案外他の人も同じような理由で、かわいい店員さんのレジに並んでいるのかなと

思ったのですがどうなんでしょう?

 ただ、この「下心」ってすごく幅が広いと思います。というのも、世の中には

かわいい店員さんを選んで、わざわざエロ本やグラビアの雑誌をレジ打ちさせる

セクハラをする人もいるらしいですが、そんなあからさまな人から、僕みたいに、

ついかわいい店員さんのレジに並んで眺めてしまった人まで、みんな「下心」で

済んじゃうんです。自分自身で下心があるかどうか認識していようがしていまいが、

相手が下心があると感じたら、下心があることになってしまうのです。

 性的なことを匂わせること、恋愛対象として相手を見ること、これが少しでも

含まれたら「下心」になってしまいます。でも社会で生きていれば、男性と女性を

全く同じように扱えと言われても抵抗がありますし、意識していなくても恋愛対象と

そうでない性別というのは、違って見えてしまうと思います。

 ただ、そうわかっていても男性として生きているだけで下心があると思われることは

僕の経験上、多いように感じます。例えば、僕は吹奏楽部だったということもあって、

バレンタインの時期には女子からチョコをもらうことはそんなに珍しいことでは

ありませんでした。

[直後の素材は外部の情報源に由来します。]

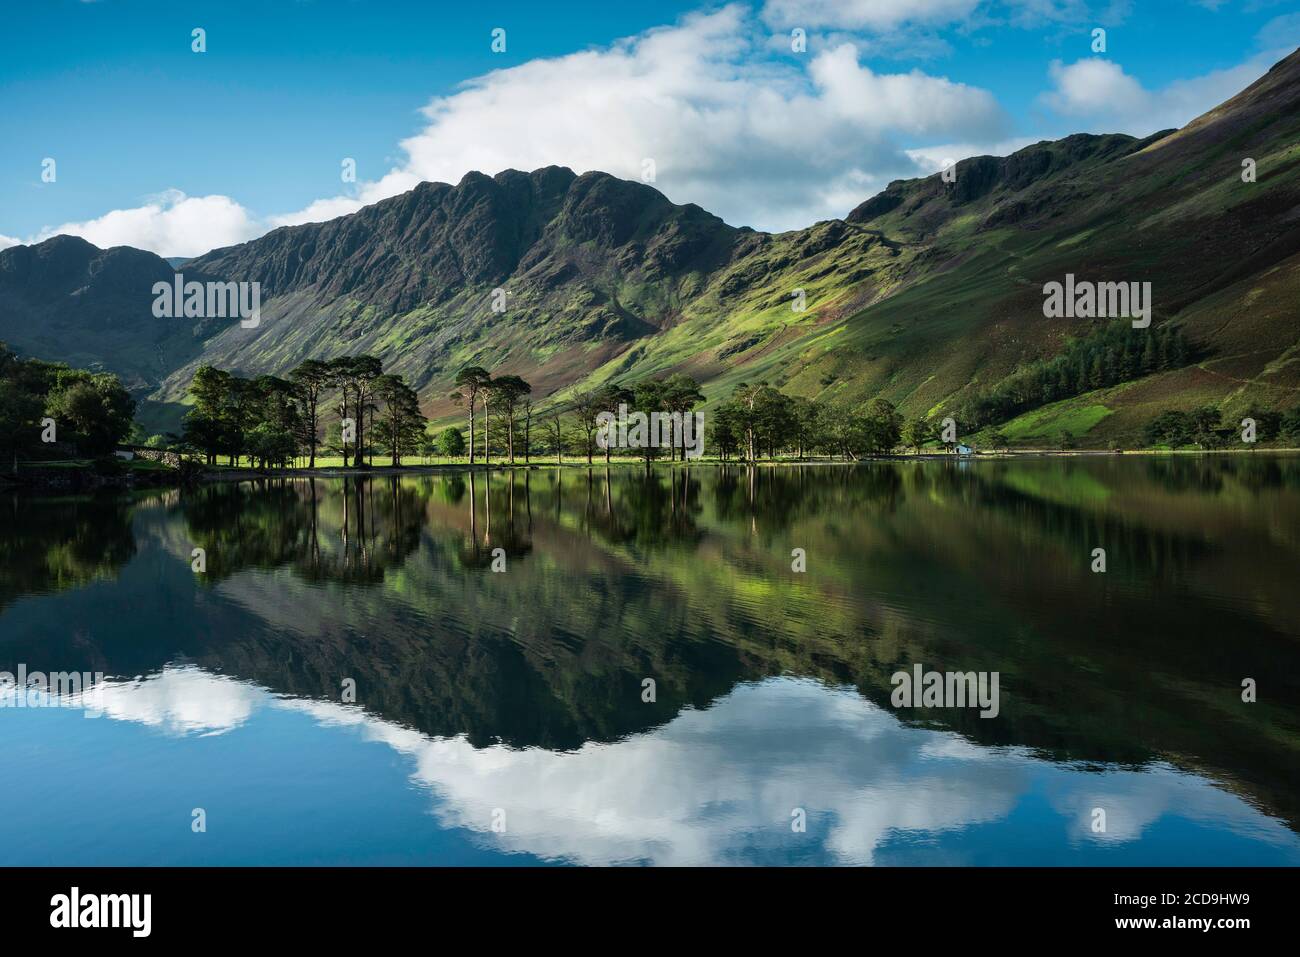 Dappled light on the famous Buttermere pines, reflected in the lake on a calm sunny summer morning.  Buttermere, Lake District, Cumbria, England, UK Stock Photo

(お返し目当てで無理やり押し付けられることもしばしば……)

 ただ、周りの男子からすれば「女子からチョコもらうのずるい!」

「お返しするような好きなやつはいるのか?」と、からかいのネタでしかありません。

正直僕にとって女子はただの友達でしかないので、そんな「下心」なんてありません。

吹部の女子たちも僕を男だと思っていないひとたちばかりなので、普通にもらった人

全員にお返しをしていましたし、なんだったら男子同士でも友チョコあげてました。

 でも世の中には、バレンタインとホワイトデーに行われる「どう見ても義理でしょ」

というような男女のやり取りの中にさえも「下心」を感じる人もいるみたいですね。

 また、その当時は僕がゲイであることはカミングアウトしていませんでしたが、

もしカミングアウトしていたのならば、男子同士の友チョコに「下心」を感じるひとも

いたのかもしれません。

(そもそも僕にまったく下心なく友チョコをあげていたとはいいきれませんけどね♡)

 また、バレンタインの時期でなくとも吹部男子というだけで、「吹部って女子に

囲まれて羨ましい」とか「楽器吹けたら女の子にモテるでしょ」と言われることは

結構あります。女子と仲良くしゃべっているだけで「付き合っているでしょ?」と

言われたり、周りから変な目で見られることもありました。やっぱり男女(ことさら

恋愛対象となる相手)が一緒にいるというだけで、恋愛という要素からは逃げられ

ないのだと思います。

 ここまでくると、本人に下心があるのではなく、社会全体が、下心があるように

周りの人を思い込ませているような気もします。男女の友情は成立しないと

よく言いますが、社会が成立させることを許していないのでしょう。

 僕は、そもそもの「下心」=やましい、いやらしいという発想が良くないと

思います。男女が近くにいるだけで下心があるという発想こそが「下心」だと

思います。まさにこの世の中は、相手よりも先に、下心があると押し付けた人が、

下心の魔の手から逃れることができる「言ったもん勝ちな世界」なんです。

 そのため、エロ本をレジに並べるような隠しきれていない下心は置いておいて、

そうではないしっかり隠せている下心は、とやかく言われても気にする必要はないと

思います。人が考えていることなんて、その人にしか分からないのです。

だから、僕はこれからも胸を張ってイケメンの店員さんのレジに並びたいと思います!